In May 2024, the party protected the Russian ambassador to Poland Siergiej Andriejew from attacks during his visit to the Mausoleum of the Soviet Soldiers Cemetery. On 12 June, the Russia Day, the party sent an official delegation led by Tołwiński to the Russian embassy, and gave Andriejew a present. In August 2024, the party organized a peace march protesting the Polish military support for Ukraine. There, Front announced the creation of a political coalition Voice of Strong Poland (Głos Silnej Polski) together with minor anti-war parties and public figures such as Leszek Sykulski.

Tołwiński was an official electoral observer at the 2025 Belarusian presidential election. Tołwiński argued that the election was not rigged, stating that Lukashenko had no reason to manipulate the result because he has the support of the majority of the nation.
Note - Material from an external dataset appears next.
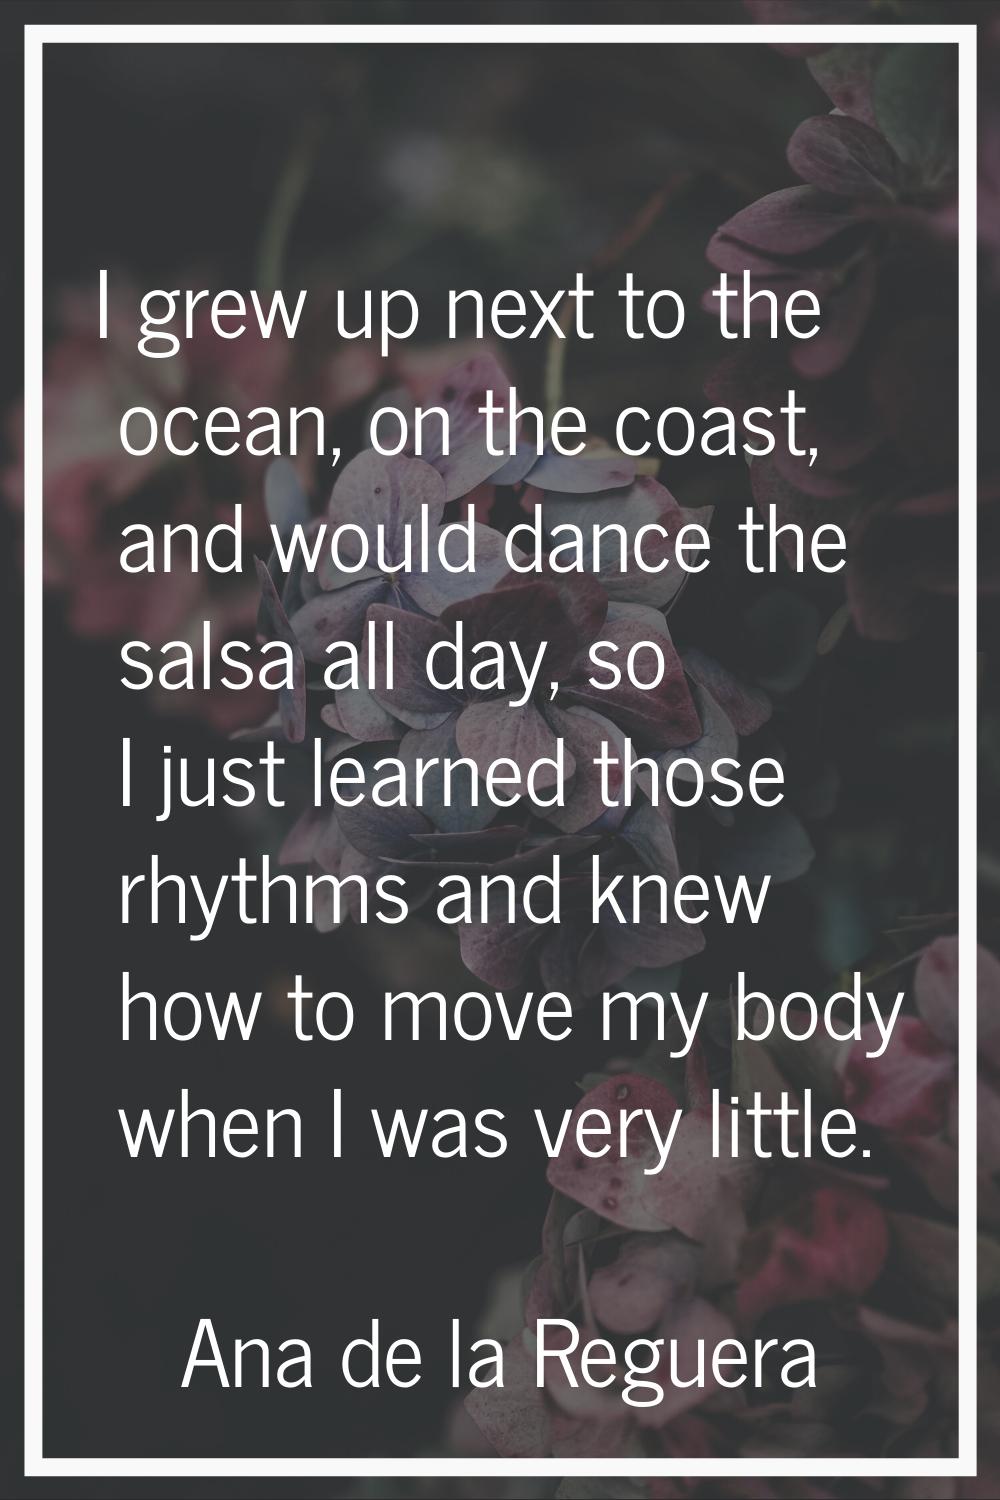 I grew up next to the ocean, on the coast, and would dance the salsa all day, so I just learned tho

He condemned protests in Belarus, noting that they were funded by the services of Western countries in order to weaken and subordinate Belarus. Tołwiński also announced his candidacy in the 2025 Polish presidential election on behalf of the Front. The National Electoral Commission registered his presidential committee on 14 February 2025.

== Ideology ==
Front advocates for strengthening Polish-Russian and Polish-Belarusian relations, loosening the fertilizer embargo on Belarus. It advocates for replicating the economic policies of the Liberal Democratic Party of Belarus. The party argues that Poland is "not politically sovereign", and that "Poland's policy towards Russia and Belarus is paranoid and provocative." Front argues that "Ukraine is Poland's economic enemy, especially when it comes to agriculture", and that it is in Polish interest that Ukraine losses the Russo-Ukrainian War. It argues that "Ukraine does not own its lands” and that “international funds rule the country”. The party also expressed its support for Viktor Orbán and asked him to become an official mediator in the Belarus–European Union border crisis.
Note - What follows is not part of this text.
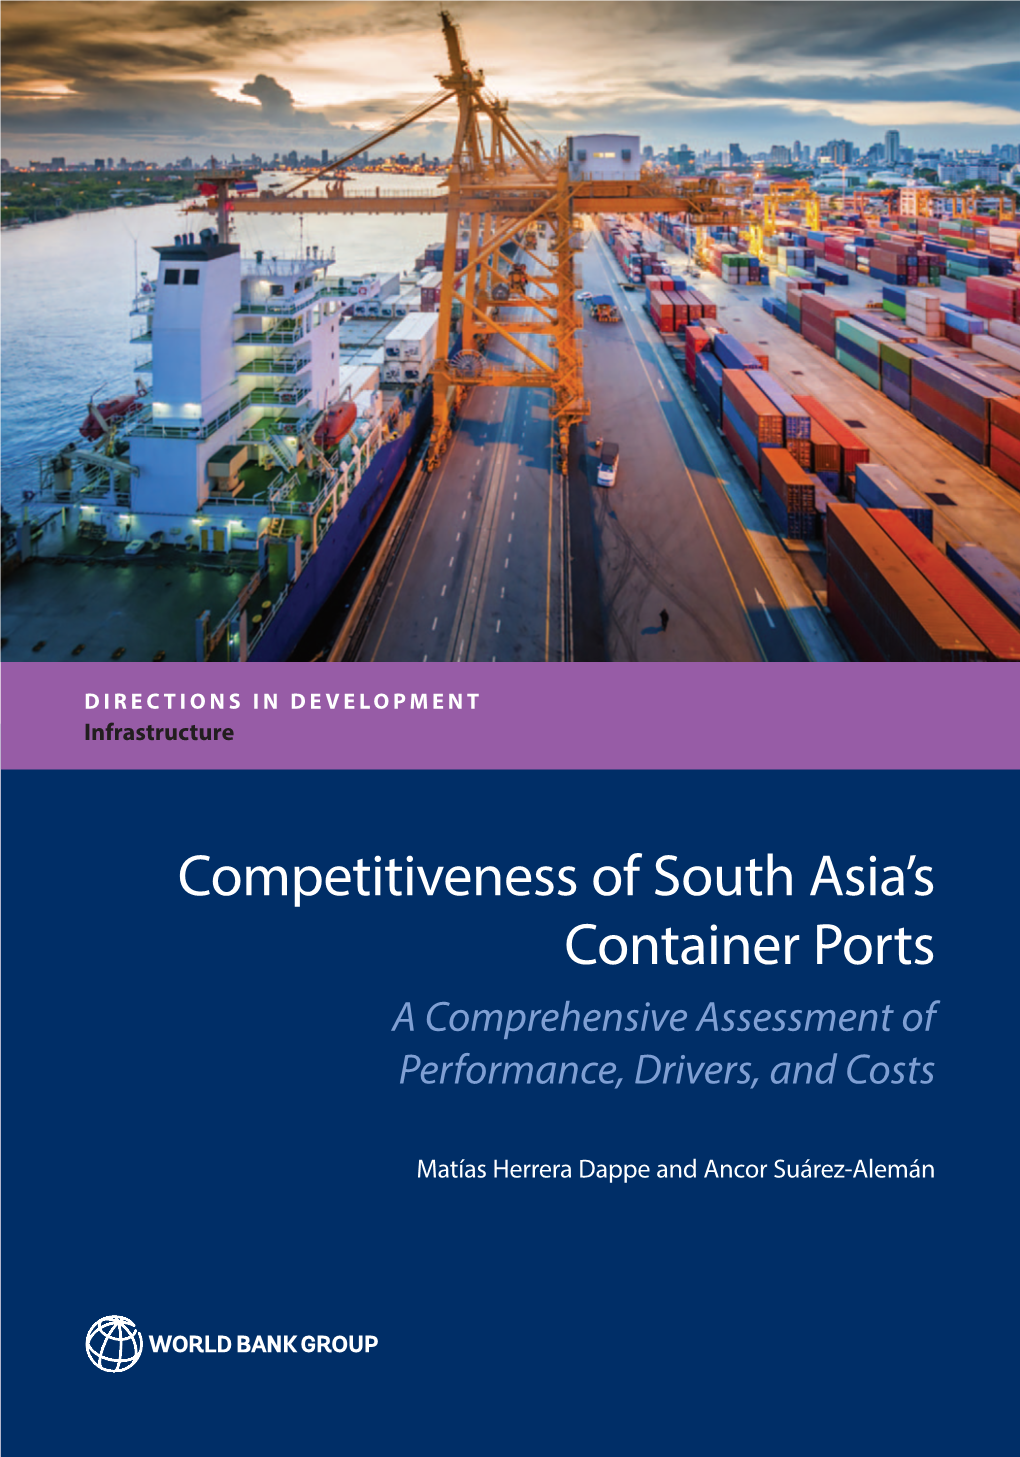 Competitiveness of South Asia's Container Ports

Amongst its goals, the party lists "liberation of Poland from the political protectorate of the United States", and "de-Americanisation of Europe" which is to be achieved by building a coalition of European political parties opposed to the US political interference. Front also calls for "de-Ukrainisation of Poland", defining it as ending every forms of cooperation with the Ukrainian state, as well as unconditionally blocking the influx of Ukrainian refugees from Ukraine. The leader of Front, Tołwiński, wrote: "The US supplying weapons to Ukrainians is just a pretence of helping, but in reality it is bleeding Ukraine and Russia dry. The US wants to expand its influence and is using us as a country of aggression so that Russia will attack NATO. The war could have ended at the very beginning if it weren't for the US." He also added: "There is no better way today to get rid of this very ideology, the Banderist ideology, from Ukraine, with Russian hands, of course."

The party also focuses on agrarian issues, and its economic platform has been described as agrarian. One of its protest slogans is "Normal food". The party argues that Poland has sold its agricultural production and food self-sufficiency to corporations, and states that the traditional Polish food was replaced with "unhealthy food, full of preservatives and fillers". Front praises the Belarusian collective farming system based on kolkhozes and sovkhozes, noting cheap prices, avoidance of chemical preservatives, and socialist-style organization. Tołwiński remarked: "The collective has a processing plant, shops, a restaurant - they operate like a cooperative. We are not organised in the same way, as the PGRs have shown."

== Electoral history ==
===Sejm===

| Election | # of votes | % of votes | # of overall seats won | Government |
| 2023 | 500 | 0.02 (#10) | 0 / 460 | Extra-parliamentary |
On the electoral lists of Normal Country.